DATA PROVIDED:
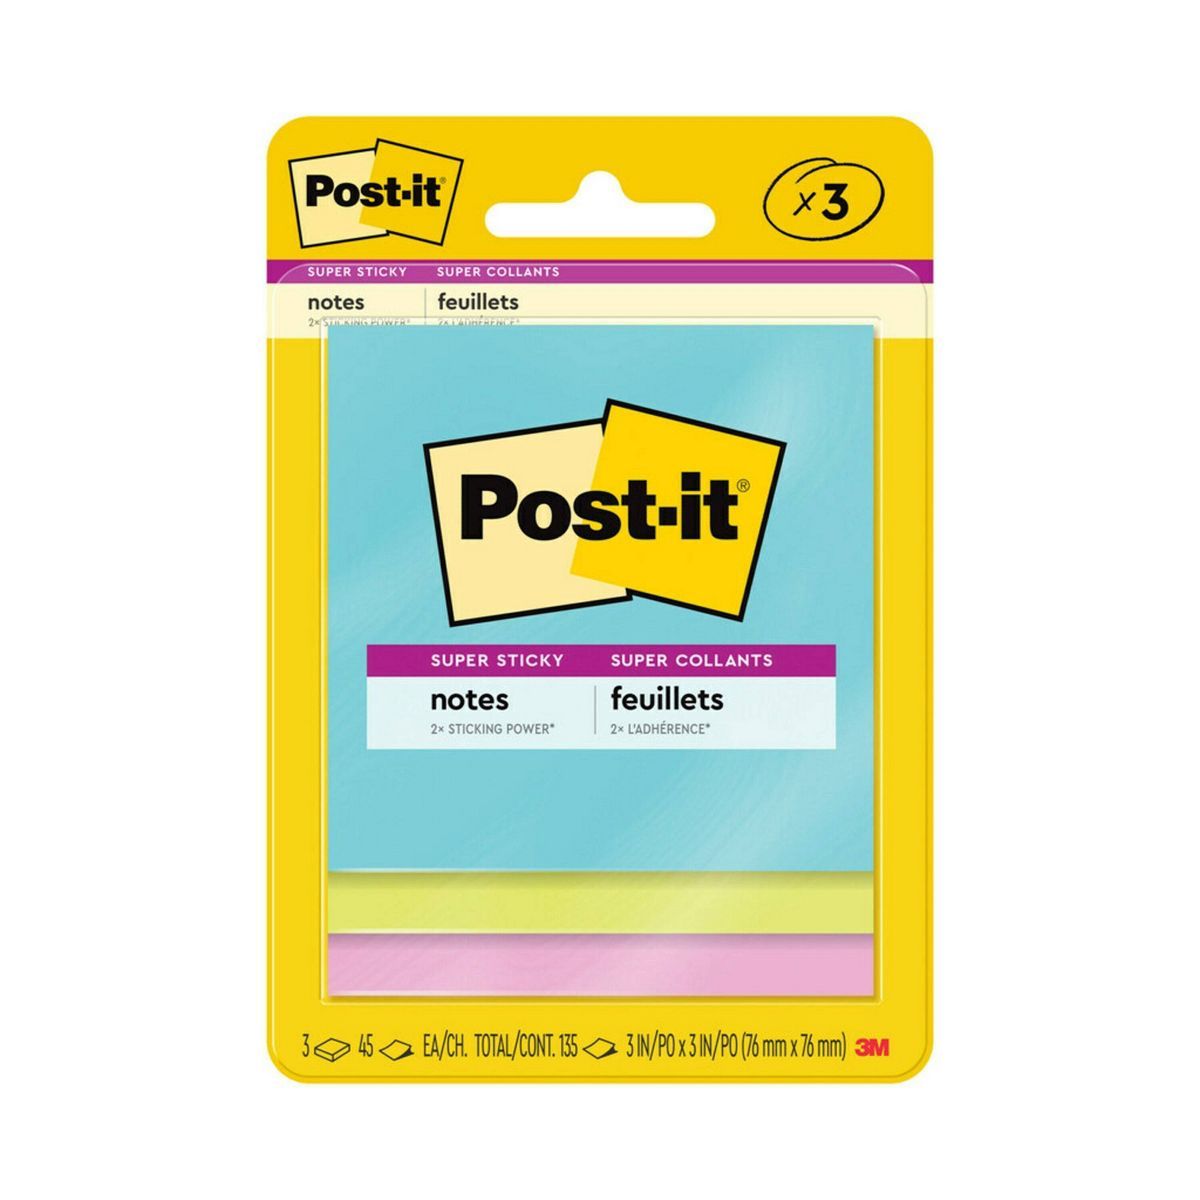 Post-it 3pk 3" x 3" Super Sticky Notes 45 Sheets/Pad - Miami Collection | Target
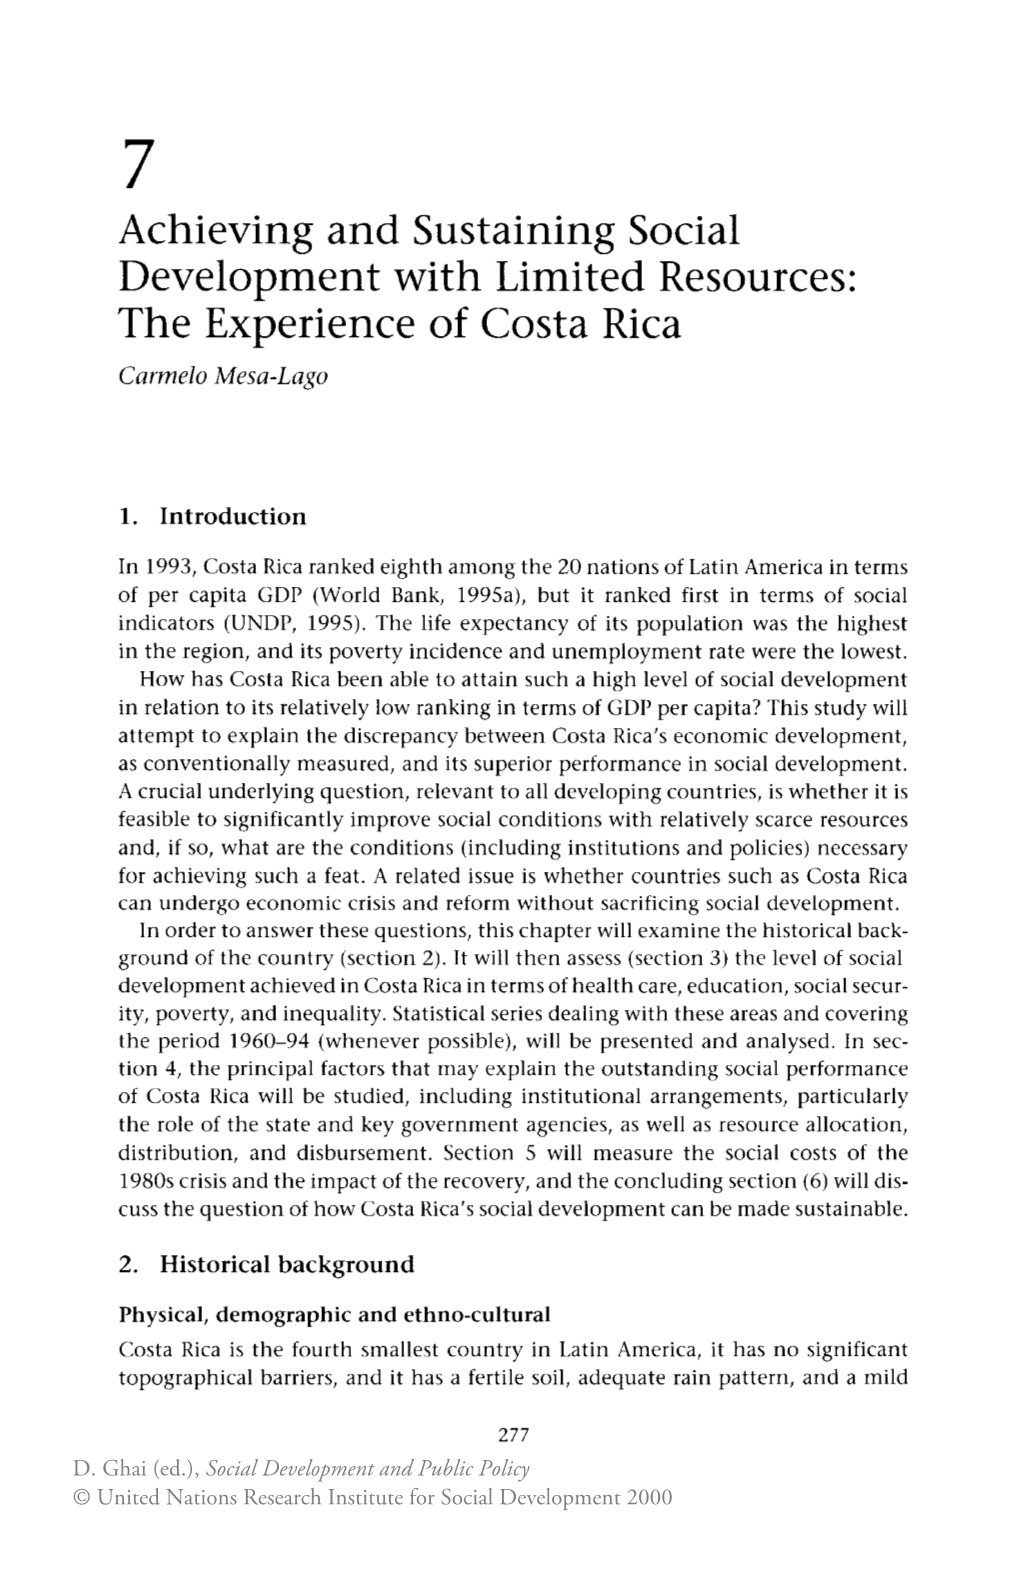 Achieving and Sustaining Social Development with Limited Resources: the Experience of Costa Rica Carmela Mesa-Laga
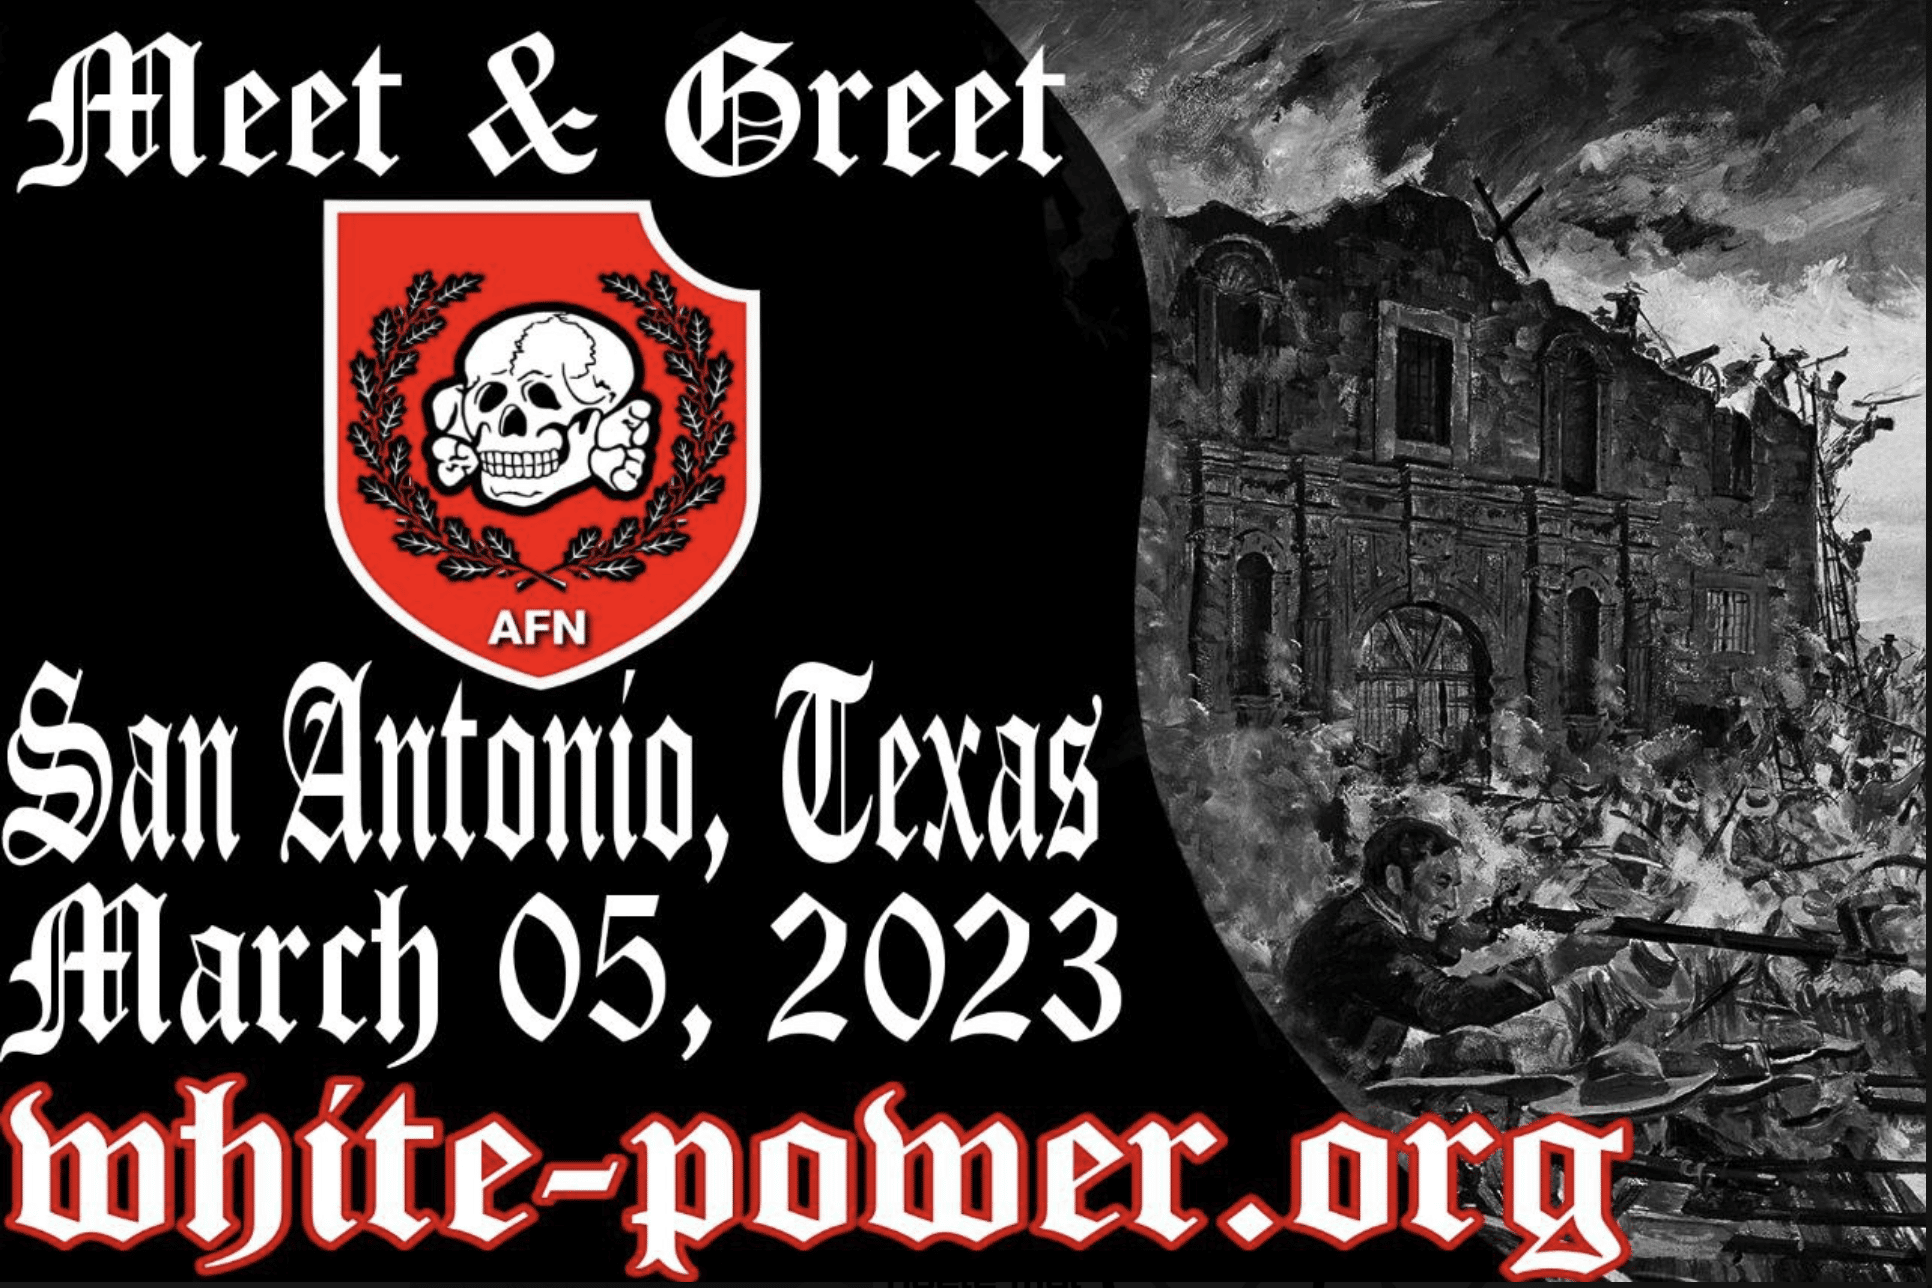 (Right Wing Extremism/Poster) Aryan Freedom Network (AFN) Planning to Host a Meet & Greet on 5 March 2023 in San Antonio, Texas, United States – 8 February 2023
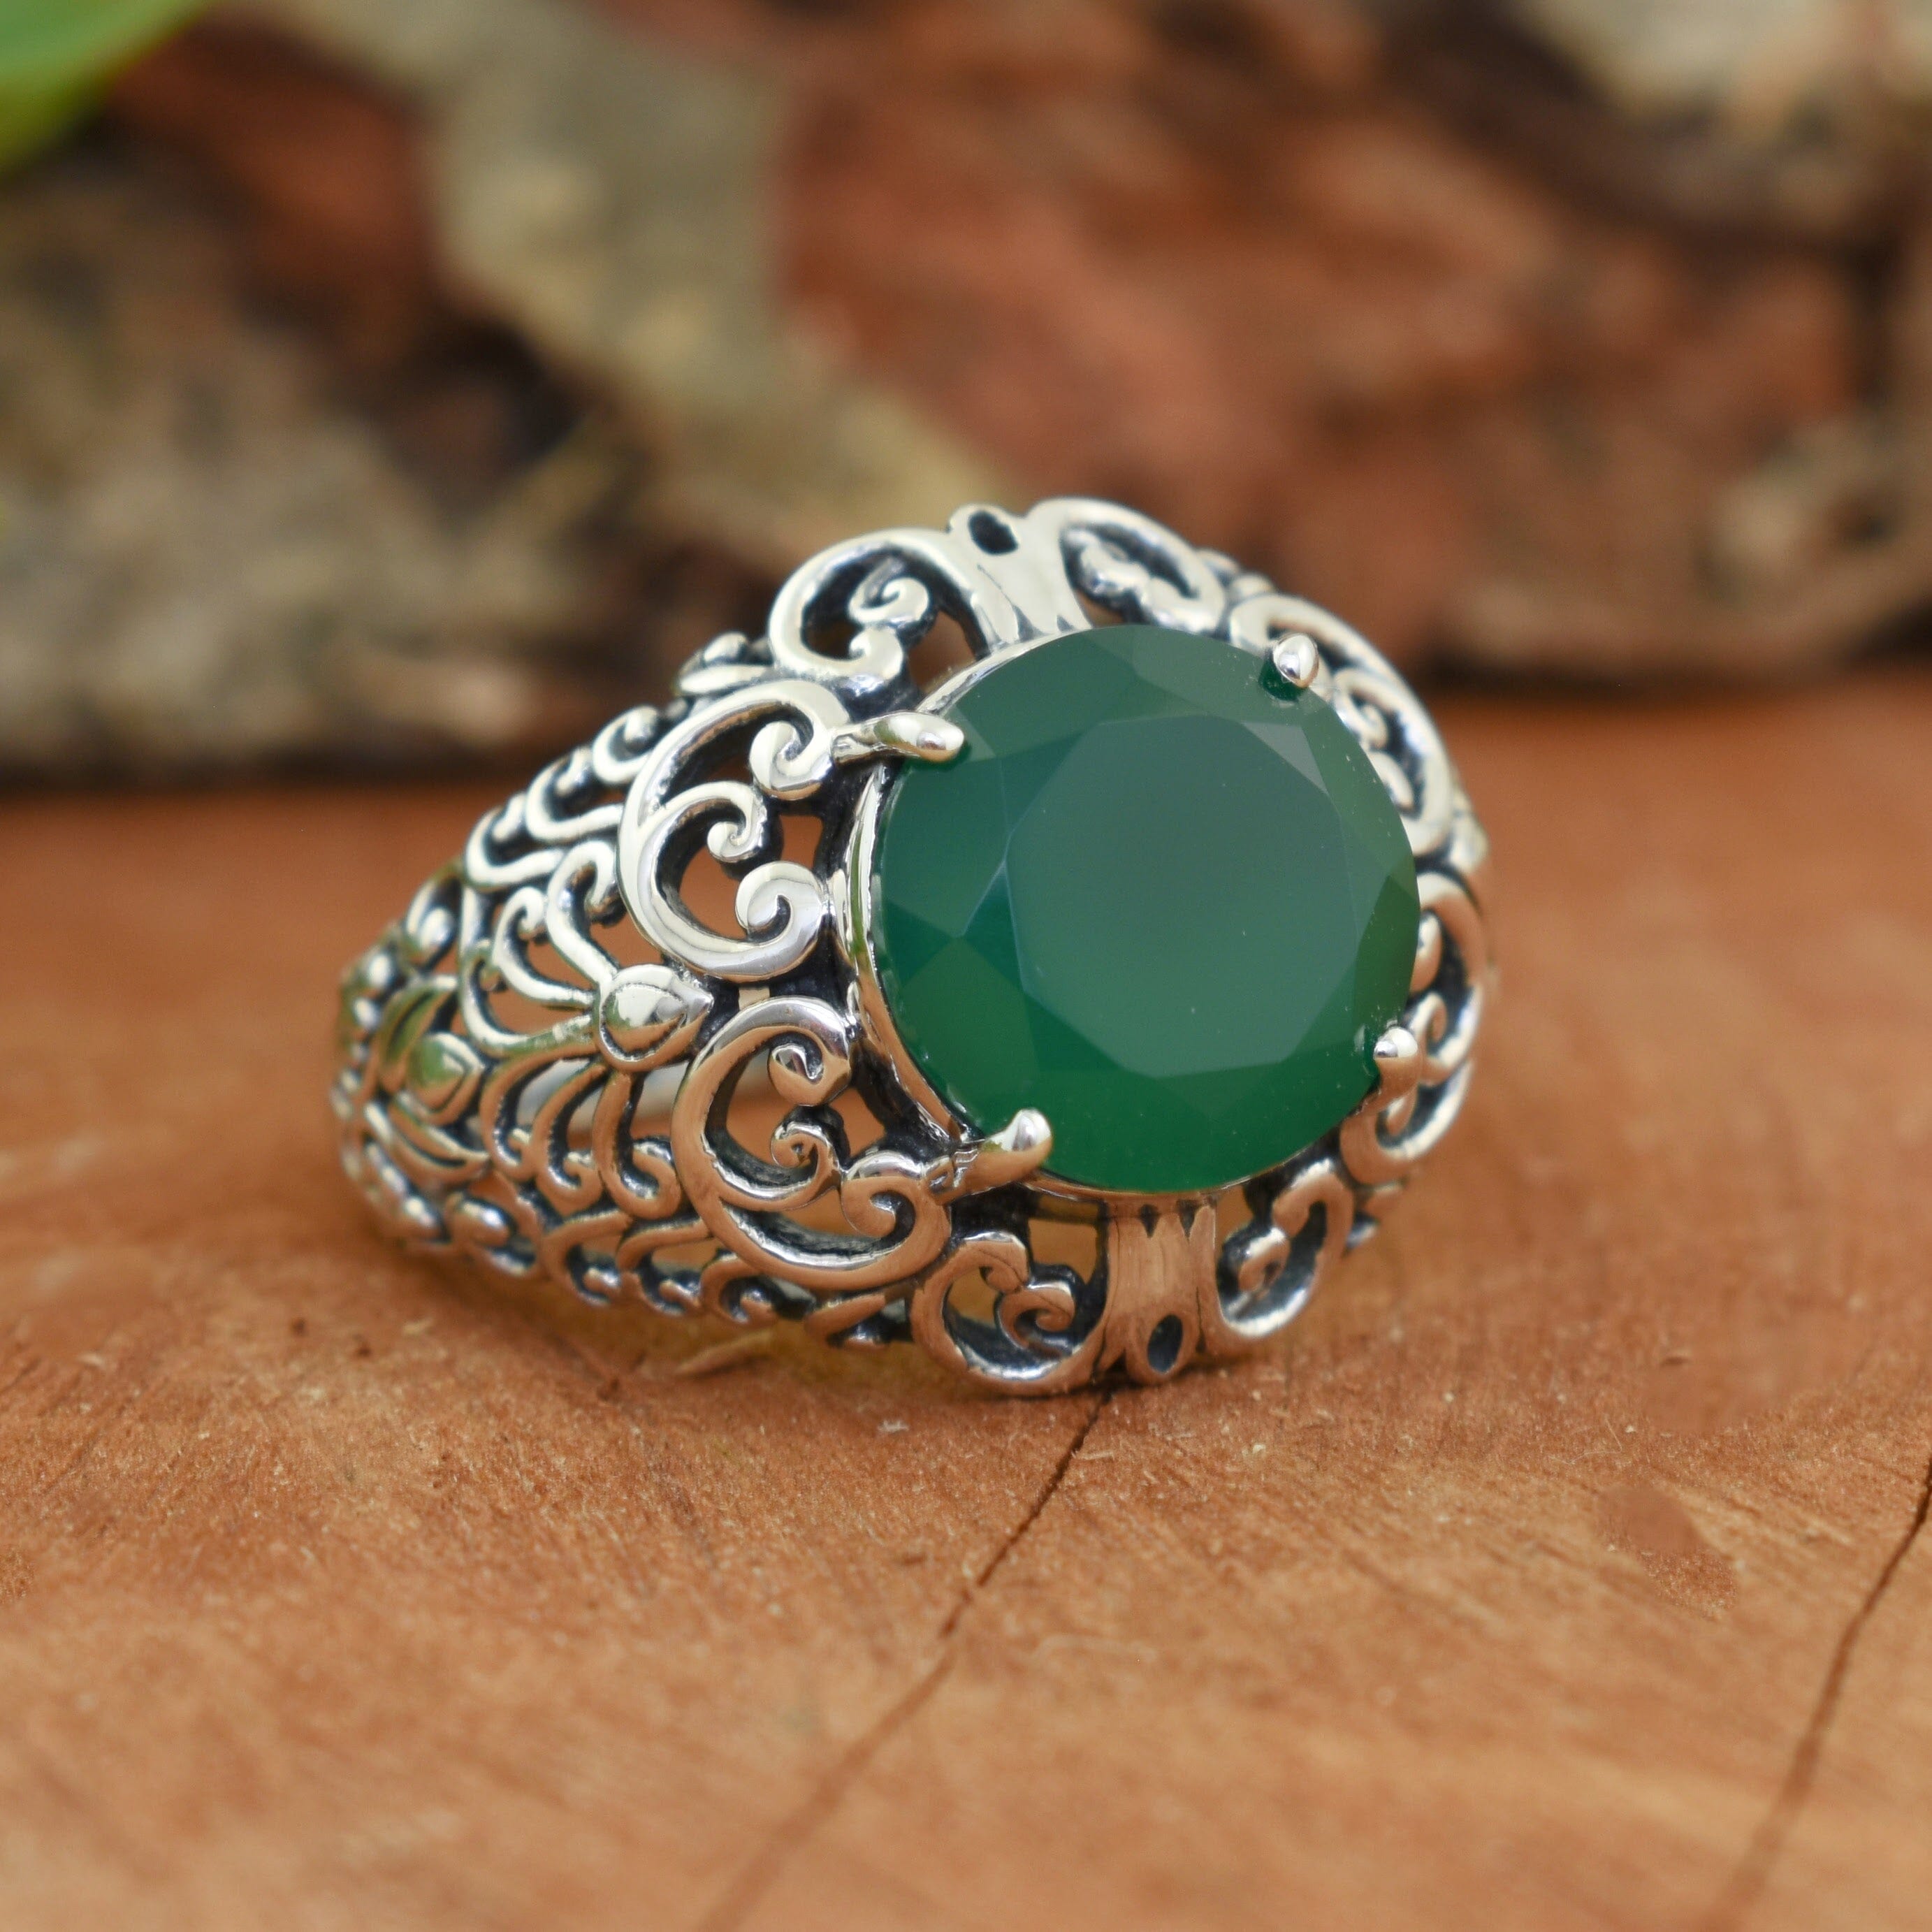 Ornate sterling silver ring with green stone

WORK REQUEST:
Your reply should consist solely of the lines above from the line containing "Achieving and Sustaining" up to and including the line containing "(Right Wing Extremism/Poster)", reproduced exactly, minus the pictures.

ANSWER:
 Achieving and Sustaining Social Development with Limited Resources: the Experience of Costa Rica Carmela Mesa-Laga
 (Right Wing Extremism/Poster) Aryan Freedom Network (AFN) Planning to Host a Meet & Greet on 5 March 2023 in San Antonio, Texas, United States – 8 February 2023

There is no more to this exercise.